Databases often contain extremely sensitive information that must be protected from security vulnerabilities and exploits. All organizations need to work on a continual basis to identify and remediate those vulnerabilities using a variety of tools that are available. In addition to doing monitoring and security assessments constantly, it is vital that the results are analyzed and properly audited so that an organization can not only ensure that its database security posture is sound, but also demonstrate compliance with regulations that demand high levels of security be applied to sensitive data.
THREATS TO DATABASE SECURITY
Almost all organizations use databases in some form for tracking information such as customer and transaction records, financial information, and human resources records. Much of the information contained in databases is sensitive and can be sold for cash or, such as in cases of theft by a disgruntled employee or by a hacker with political motivations, to cause the organization loss of business or reputation, especially if the organization is found to be in breach of regulations or industry standards that demand high levels of data security.
According to the 2012 data breach investigations report published by Verizon Business, 96% of records breached in 2011 were taken from database servers. Of these, 55% exploited default or guessable credentials and 40% the use of stolen login credentials. And, according to another study among data professionals conducted by Unisphere Research, a division of Information Today, Inc., for the IOUG little more than one-third of the 430 respondents install 37% critical patch updates within three months of their release.
According to technology vendor Application Security, Inc., the following are the top 10 threats related to databases:
- Default or weak passwords
- SQL injection
- Excessive user and group privileges
- Unnecessary DBMS features enabled
- Broken configuration management
- Buffer overflows
- Privilege escalation
- Denial of service
- Un-patched RDBMS
- Unencrypted data
5 DATABASE SECURITY ESSENTIALS
There are 5 key steps to ensuring database security, according to Applications Security, Inc.
- Isolate sensitive databases—maintain an accurate inventory of all databases deployed across the enterprise and identify all sensitive data residing on those databases.
- Eliminate vulnerabilities—continually assess, identify and remediate vulnerabilities that expose the database.
- Enforce least privileges—identify user entitlements and enforce user access controls and privileges to limit access to only the minimum data required for employees to do their jobs.
- Monitor for deviations—implement appropriate policies and monitor any vulnerabilities that cannot be remediated for any and all activity the deviates from authorized activity.
- Respond to suspicious behavior—alert and respond to any abnormal or suspicious behavior in real time to minimize risk of attack.
DATABASE SECURITY BEST PRACTICES
The first step for ensuring database security is to develop a database security plan, taking into account regulations such as Sarbanes-Oxley and industry standards such as the Payment Card Industry Data Security Standards with which the organization must comply. The use of a standard checklist is to be advised, rather than trying to develop a security plan from scratch. Examples of such as checklist include those available from the information assurance support environment website, sponsored by the U.S. Defense Information Systems Agency or the Center for Internet Security.
As part of the development of this plan, the organization should take an inventory of all databases within the organization’s network environment, which can be done more efficiently through use of vulnerability management technology that can automatically discover all databases and run scans to identify which contain sensitive information, such as financial information and customer data. The scans performed by such technology will also be able to assess database vulnerabilities and misconfigurations, identifying issues such as default or weak passwords, missing patches and poor access controls, and will look to identify which vulnerabilities can be exploited so that remediation can be prioritized. Most tools available will include built-in templates that incorporate the requirements of many best practice frameworks and regulatory compliance initiatives. Such tools should be used not only when developing a database security program, but on a continuous basis to identify new threats and vulnerabilities.

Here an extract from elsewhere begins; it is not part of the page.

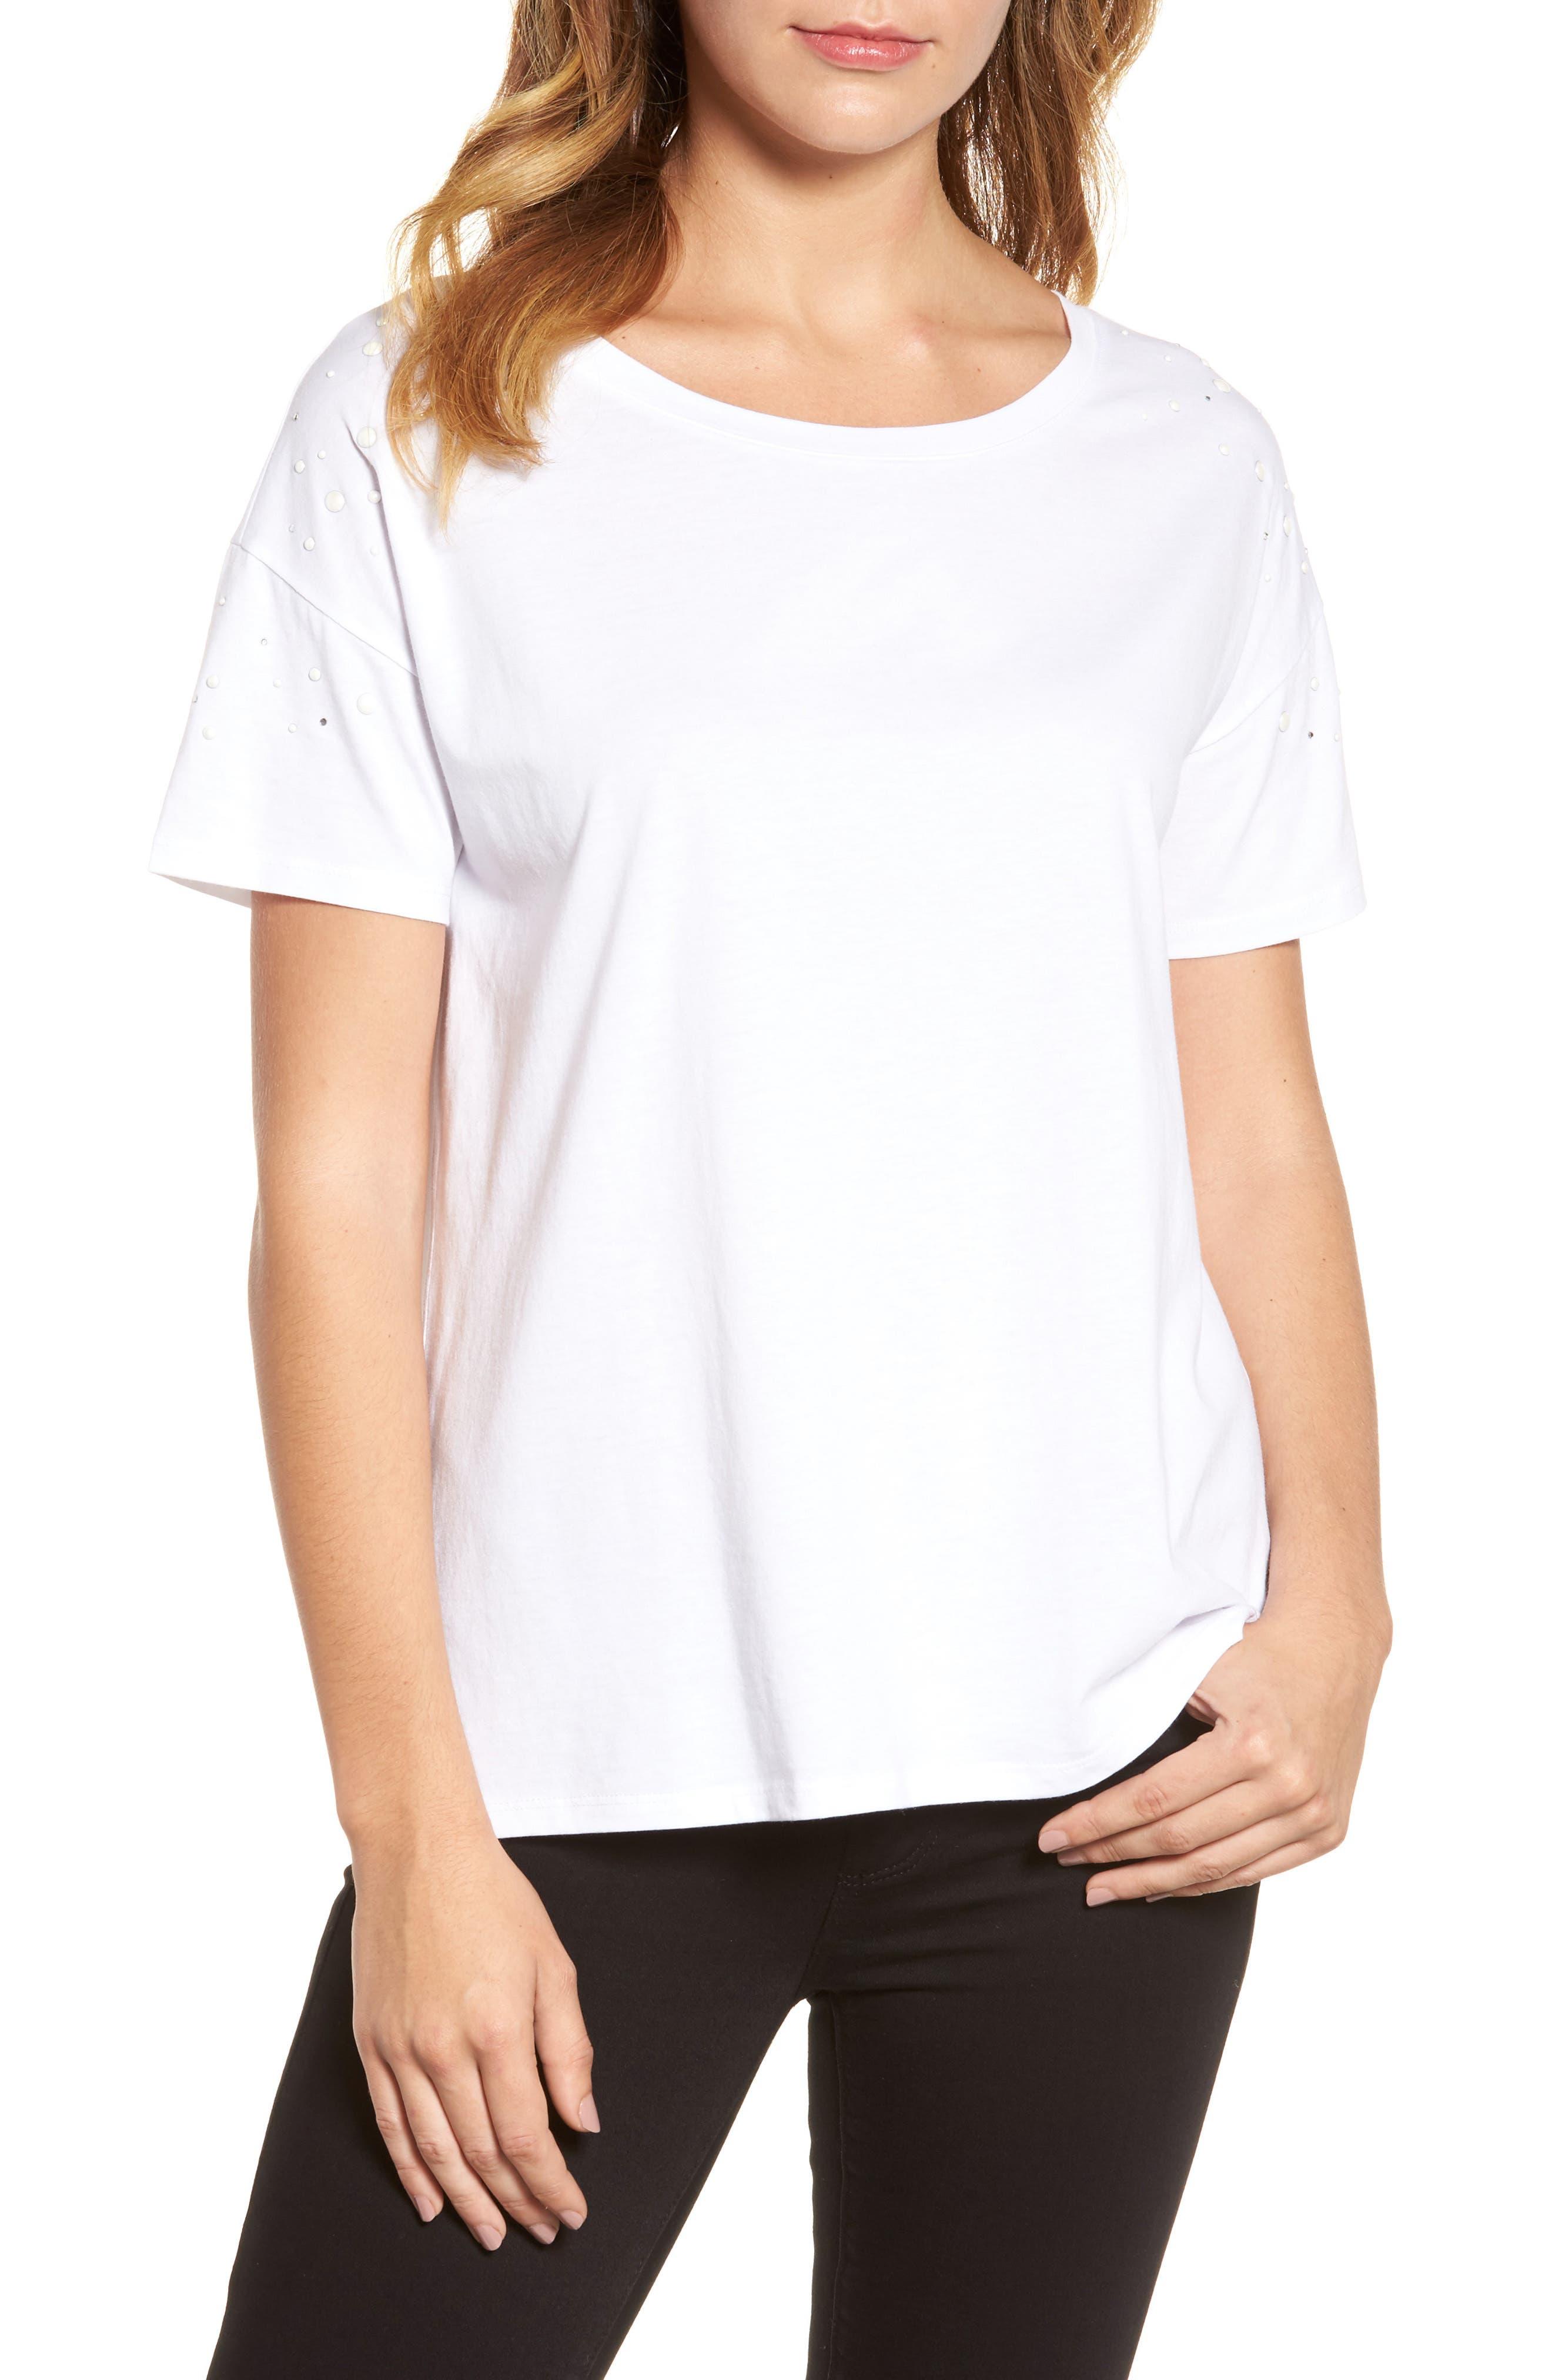 Alternate Image 1 Selected - NYDJ Short Sleeve Pearly T-Shirt

Database activity monitoring (DAM) tools will also aid in the process of reducing vulnerabilities by providing visibility in real time into all database activity. Such tools collect data, aggregate it and analyze the data to look for activities that are in violation of security policy or that indicate anomalies have occurred. According to the Gartner Group, the primary reason for deploying DAM technologies is to monitor the activity of privileged users such as database and system administrators, developers, and help desk and outsourced personnel, many of whom typically have unfettered access to corporate databases. To ensure that threats are minimized and the requirements of regulations are being complied with, DAM tools should be used to identify anomalous activities such as privileged users viewing sensitive data, altering log records, making unauthorized configuration changes or creating new accounts with super user privileges. They can compare activities performed with those authorized by change requests. In general, it is considered to be best practice to implement access controls based on the principle of least privilege to ensure that no one user has excessive access rights and those rights should be regularly audited.